This weekend we celebrate Father’s Day. A wonderful tradition that most families will celebrate with a family BBQ, a visit to the folks house, and gifts for dad. Its a day we use to say thank to our Fathers for all they do to support us in life. The role of Father has changed some in these modern times. There is still the traditional role of father but there are other male role models like step-fathers, grandfathers, brothers, godfathers, and special friends that are honored this day. It really doesn’t matter how they step in to show guidance, love and help we take the time today to say thank you. While looking up about Fathers Day I found some interesting articles. Did you know that Father’s day is celebrated on Saint Joseph’s Day, or Feast of Saint Joseph (Festa di San Giuseppe), which is observed on March 19 in most Catholic Countries. This day honors the husband of the Virgin Mary and father of Jesus Christ. This day was dedicated to St. Joseph as early as the 10th century and many customs and celebrations were established for this celebration over the years. Here in America we celebrate Father’s Day on the third Sunday of June. The tradition though of Father’s Day has only been officially recognized in the United States since 1972. We just want to say “Thank You” to all the wonderful dads, grandfather, godfathers, priests and to the Holy Father today for all you do to bring the light of Christ to your children.

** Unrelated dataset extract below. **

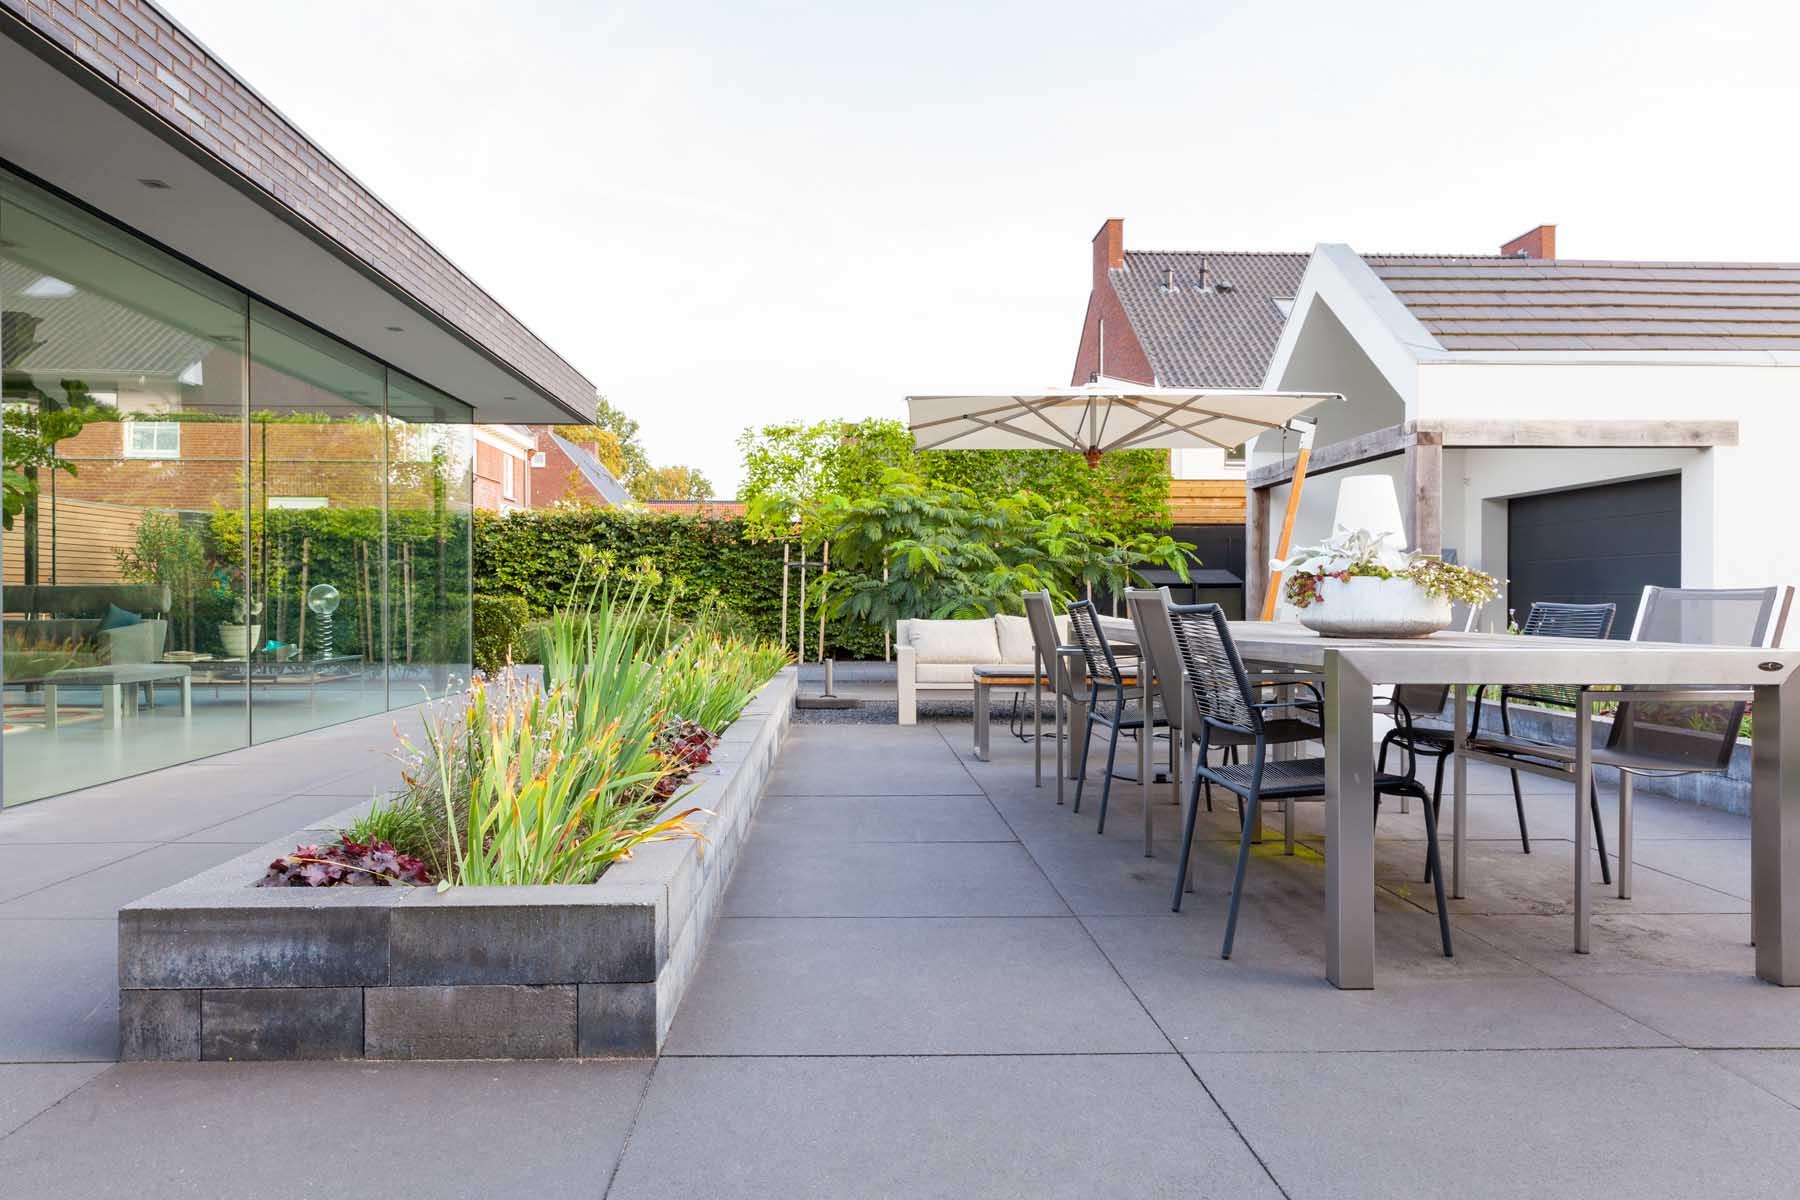 Glazen Pui Woning : 15 verbouwing woning best glazen pui naadloos binnen buiten
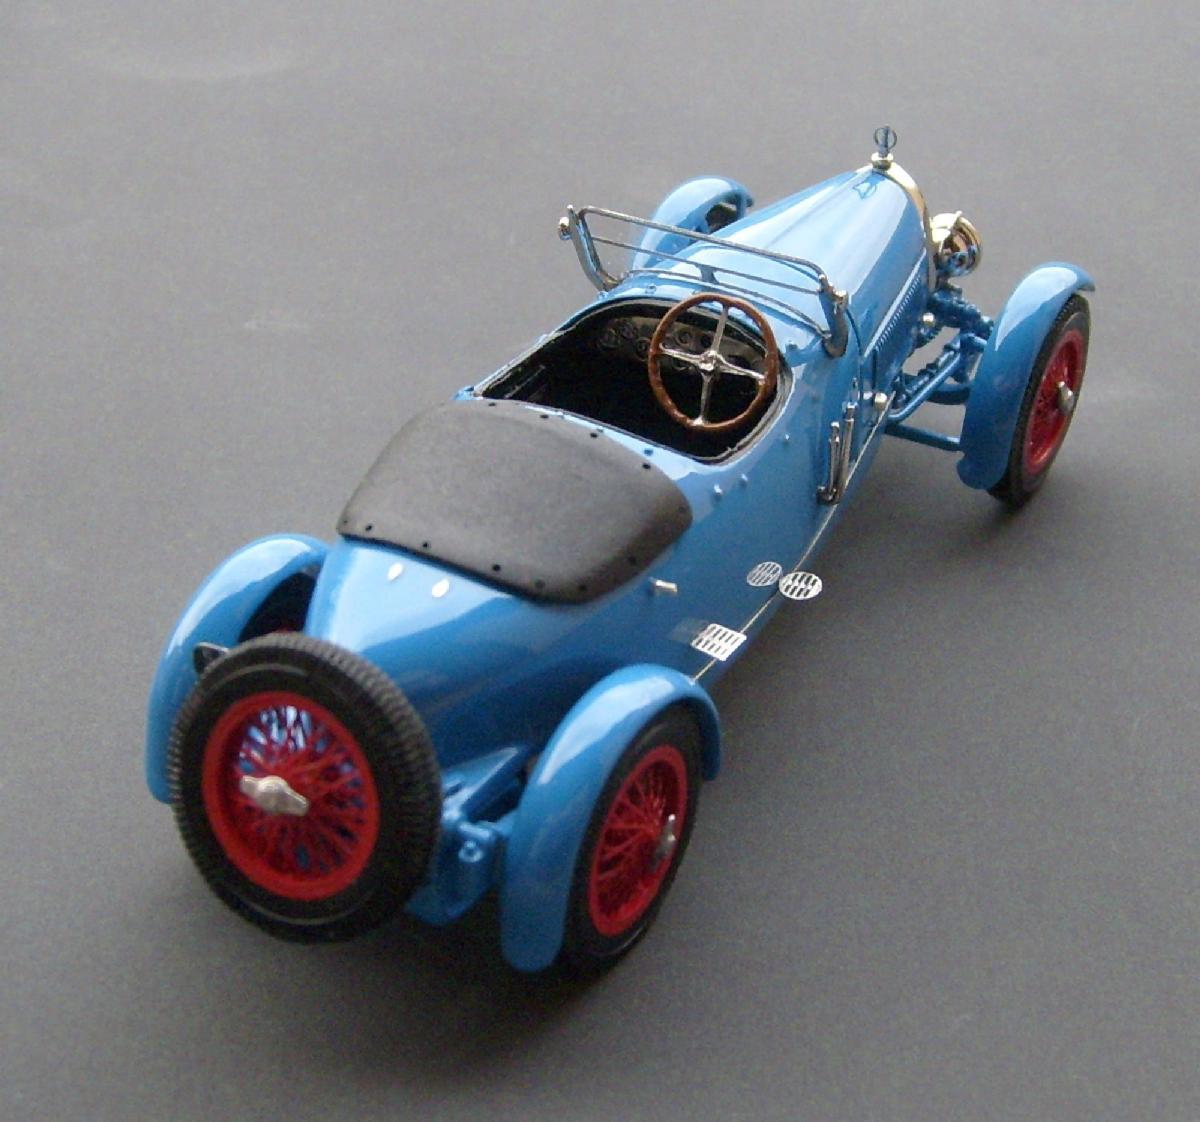 1:43 Nathalie Van Doren Bugatti T30

  • While Mother’s Day holds the record for most phone calls, Father’s Day has the most collect calls
  • In America, observers spend over $1 billion every year buying gifts for their father.
  • Hallmark considers Father’s Day to be the fifth largest card giving holiday.
  • Children whose fathers are involved in their life in a beneficial way tend to do better in school and stay out of trouble.
  • Scientists polled over a thousand adults to find that 28% felt that their fathers had the most influence on their lives, 53% chose their mothers and 15% credited both parents the same amount.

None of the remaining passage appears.